### Work to be completed
Make an exact copy, from the records below, of the lines from the line containing "Lambert Doomer (1624–1700), Mountain" to the line containing "Jak skutecznie nawilżać skórę?", both lines included, excluding pictures.

### Data under study
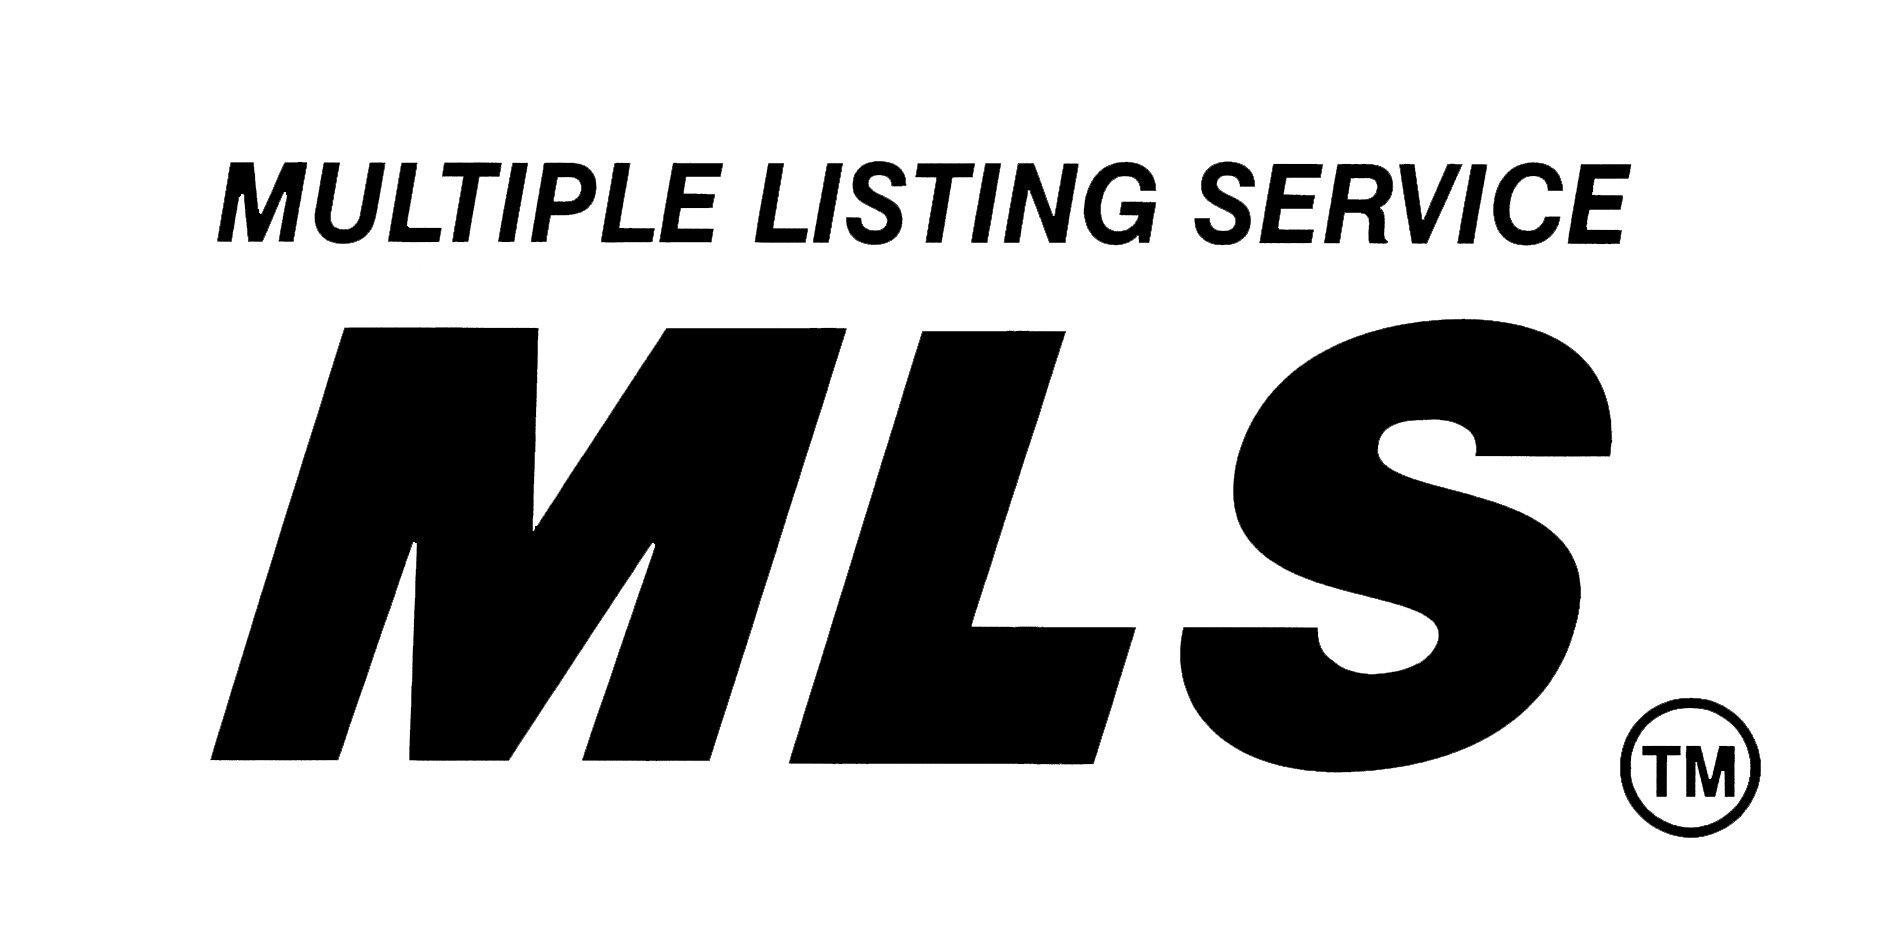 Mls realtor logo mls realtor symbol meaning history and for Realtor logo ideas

...

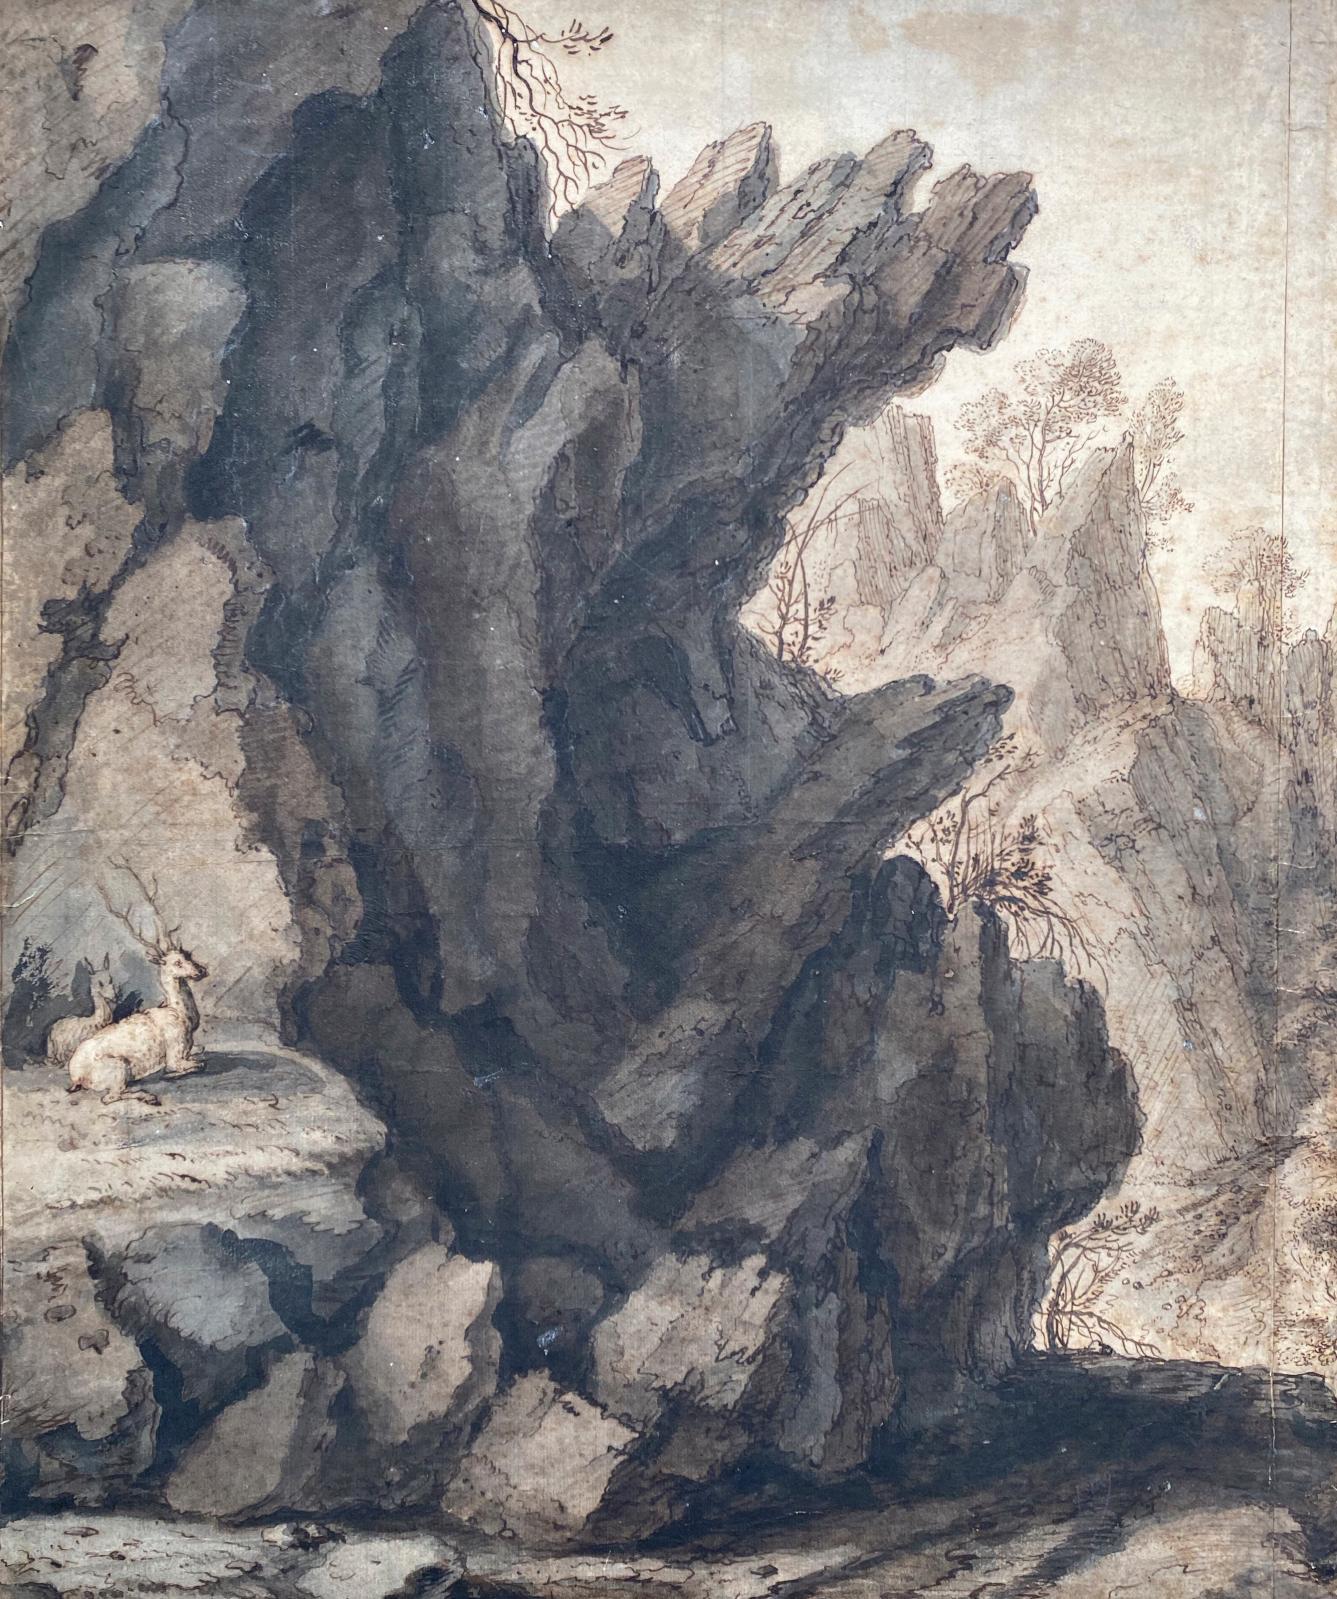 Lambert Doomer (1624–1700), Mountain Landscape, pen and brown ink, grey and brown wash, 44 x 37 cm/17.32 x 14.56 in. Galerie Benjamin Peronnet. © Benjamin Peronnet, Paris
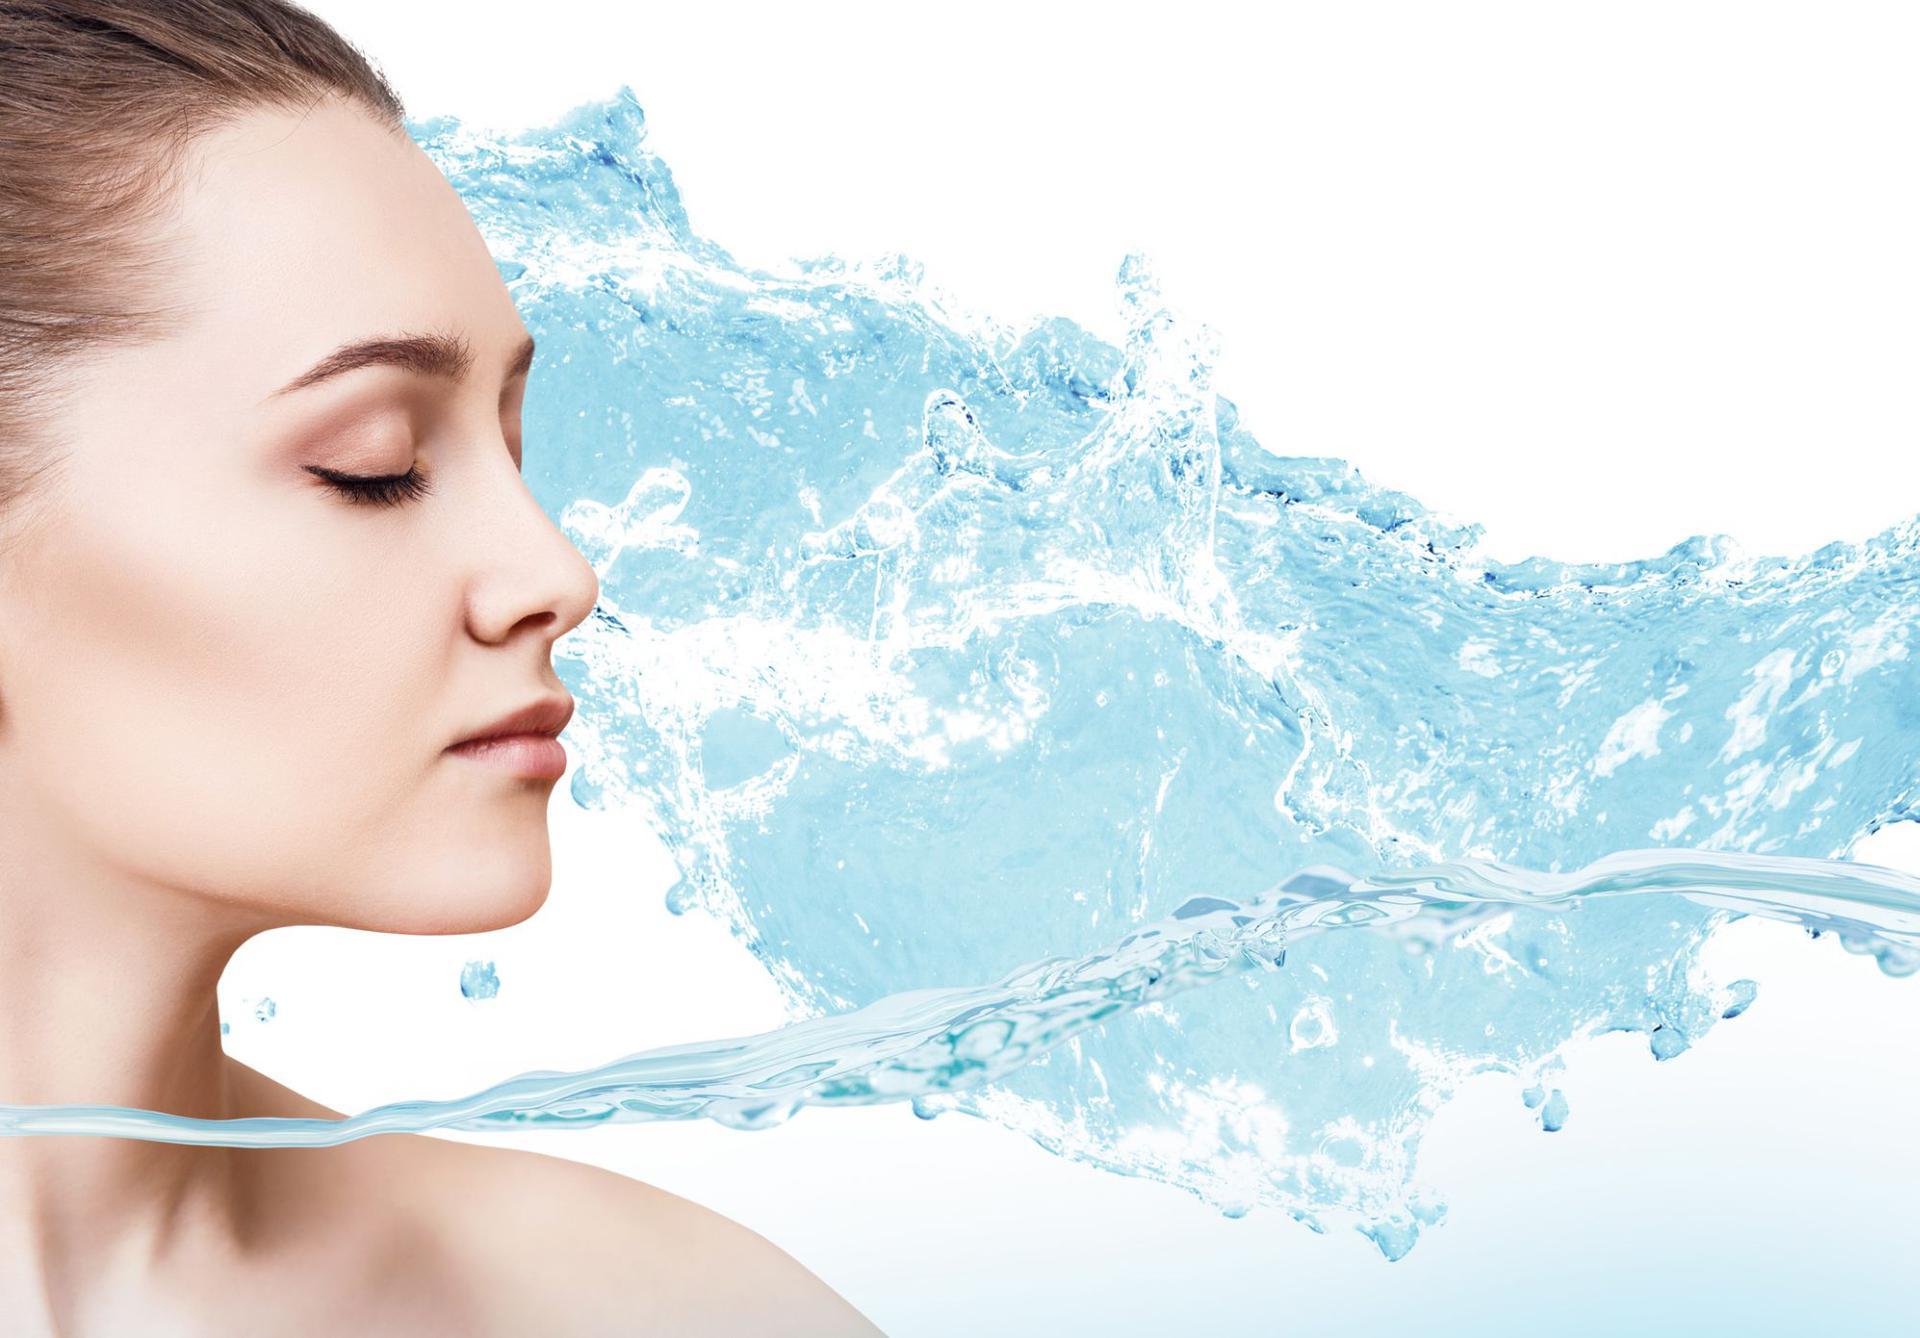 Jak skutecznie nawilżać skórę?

--

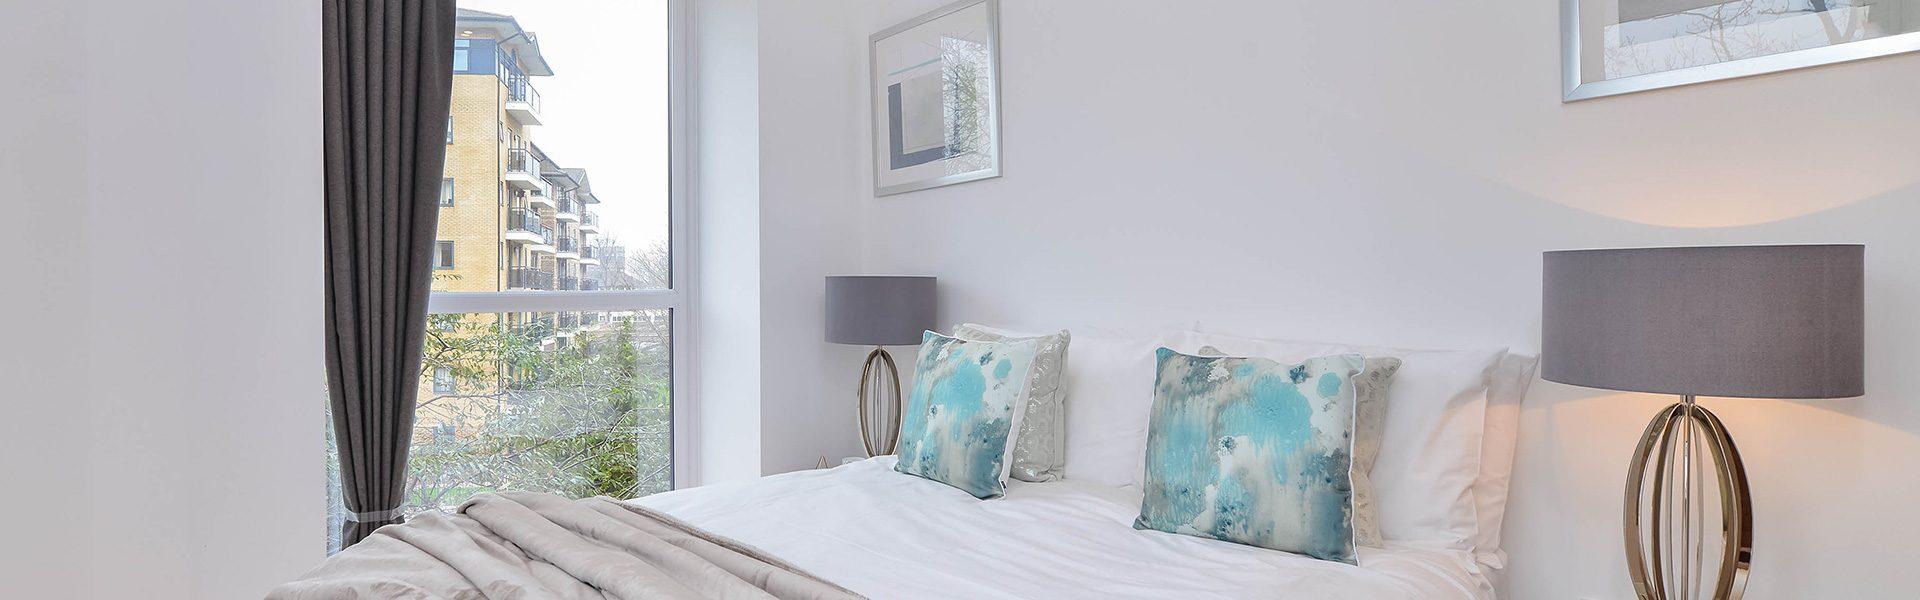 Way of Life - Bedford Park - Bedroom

### Task response
 Lambert Doomer (1624–1700), Mountain Landscape, pen and brown ink, grey and brown wash, 44 x 37 cm/17.32 x 14.56 in. Galerie Benjamin Peronnet. © Benjamin Peronnet, Paris
 Jak skutecznie nawilżać skórę?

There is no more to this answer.